The uniqueness of this work, divided into 18 movements, is proof of the importance of the commission, as well as a testament of the faith of its composer, and although uncommon, it is not an isolated case in the panorama of the 18th and 19th centuries, considering the great B minor Mass by Johann Sebastian Bach and the Missa Solemnis by Ludwig van Beethoven. 



The Responsório de Santa Mafalda, the Discurso de 1ºTom (Discourse on the 1st tone) by Soror da Piedade and Musica per Joanna complete the CD. 

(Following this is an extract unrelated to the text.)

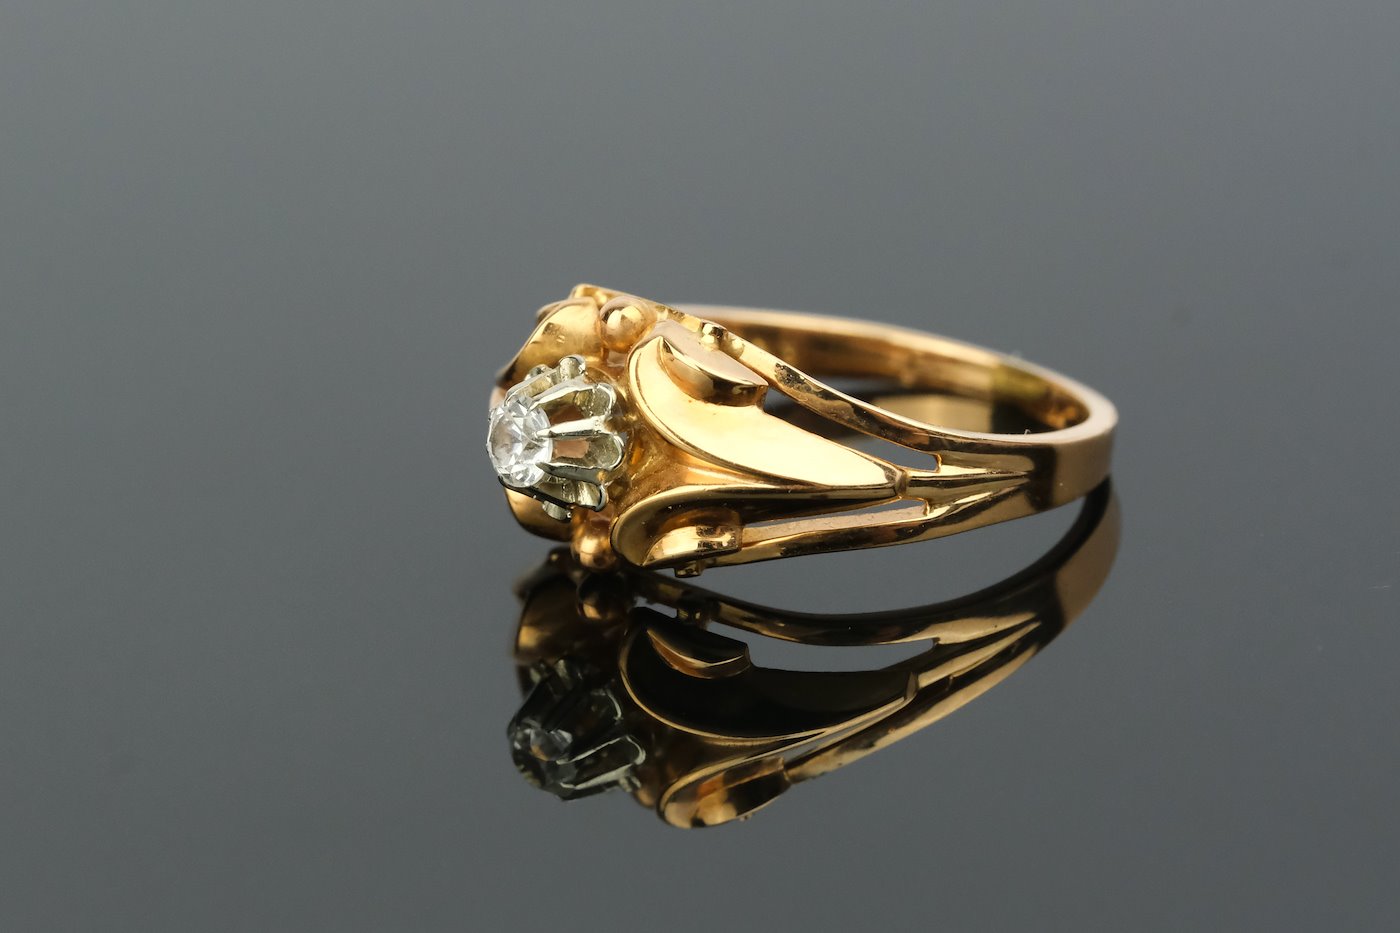 .. - Prsten s diamantem 0,05 ct, zlato 750/1000, značeno platnou puncovní značkou "kohout", hrubá hmotnost 3,50 g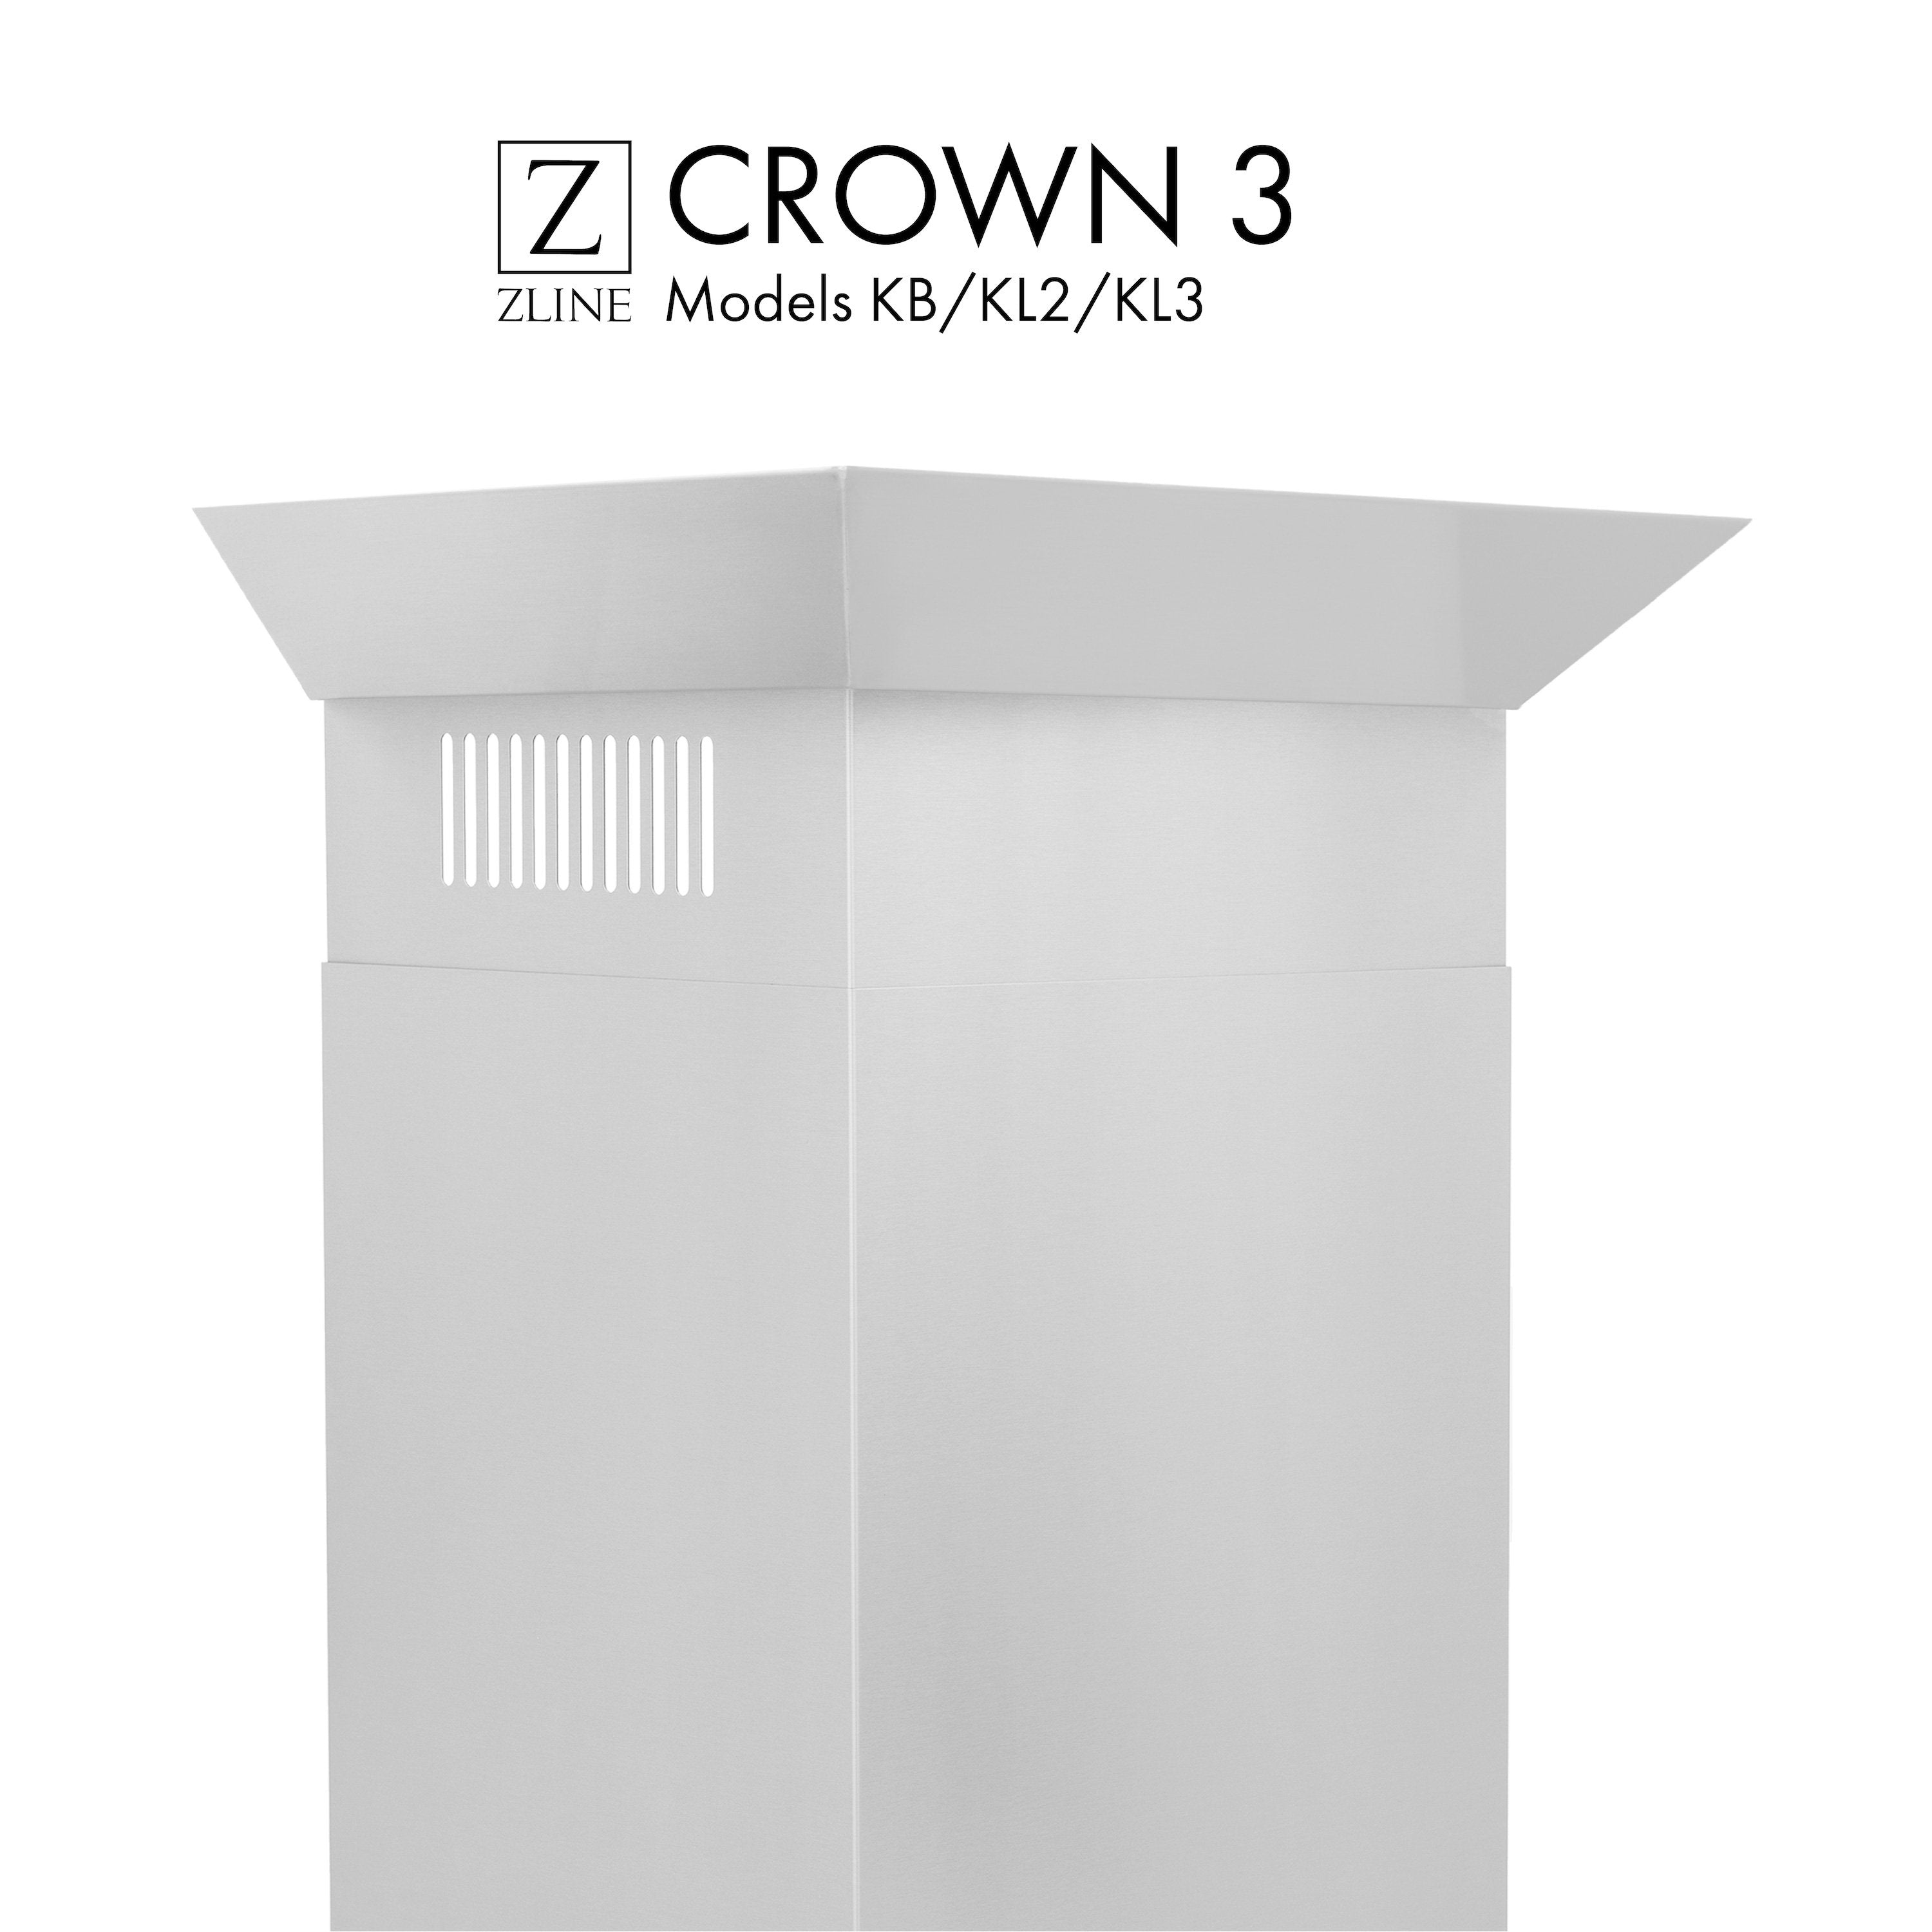 ZLINE Crown Molding Profile 3 for Wall Mount Range Hood (CM3-KB/KL2/KL3)

The Responsório de Santa Mafalda is a duet for sopranos and basso continuo, by an anonymous composer, probably from the second half of the 18th-century. The manuscript, from the Monastery of Arouca, is currently housed in the National Library of Lisbon, catalog no. MM 1045. Beatified one hundred years apart (St. Joana in 1693, St. Mafalda in 1793), the two princesses conferred a renown upon their respective monasteries that continues in devotions to the present day.
Descendents of the Royal Family, the two princesses, Mafalda and Joana filled the Portuguese crown with splendor, focusing national attention upon themselves and greatness upon their respective monasteries. The names Soror Maria do Patrocínio and Soror Maria Barbara are included in the manuscript, probably indicating that they were the singers responsible for the work’s premiere, which may have been composed to commemorate the feasts of their beatifications. The text comes from the Song of Songs, which may be an allusion to the brief marriage of Princess Mafalda with Henry I of Castile.



The Discourse on the 1st tone, for organ, is work in the classical style and may have been composed by Soror Piedade, which would constitute a rare case of a female composer in Portugal during the second half of the 18th-century. However, due to having encountered this name annotated in organ manuscripts by other authors, I believe that Soror Piedade was an organist, and not a composer. The manuscript of this work belongs to the private collection of Professor Gerhard Doderer.
Musica per Joanna is an homage to the Princess St. Joana, which I composed for the reopening of the Museum of Aveiro on December 18, 2008. It employs Latin and Portuguese texts taken from a compilation dating from the 1950’s by Dr. António Christo, entitled “cancioneiro de Santa Joana.”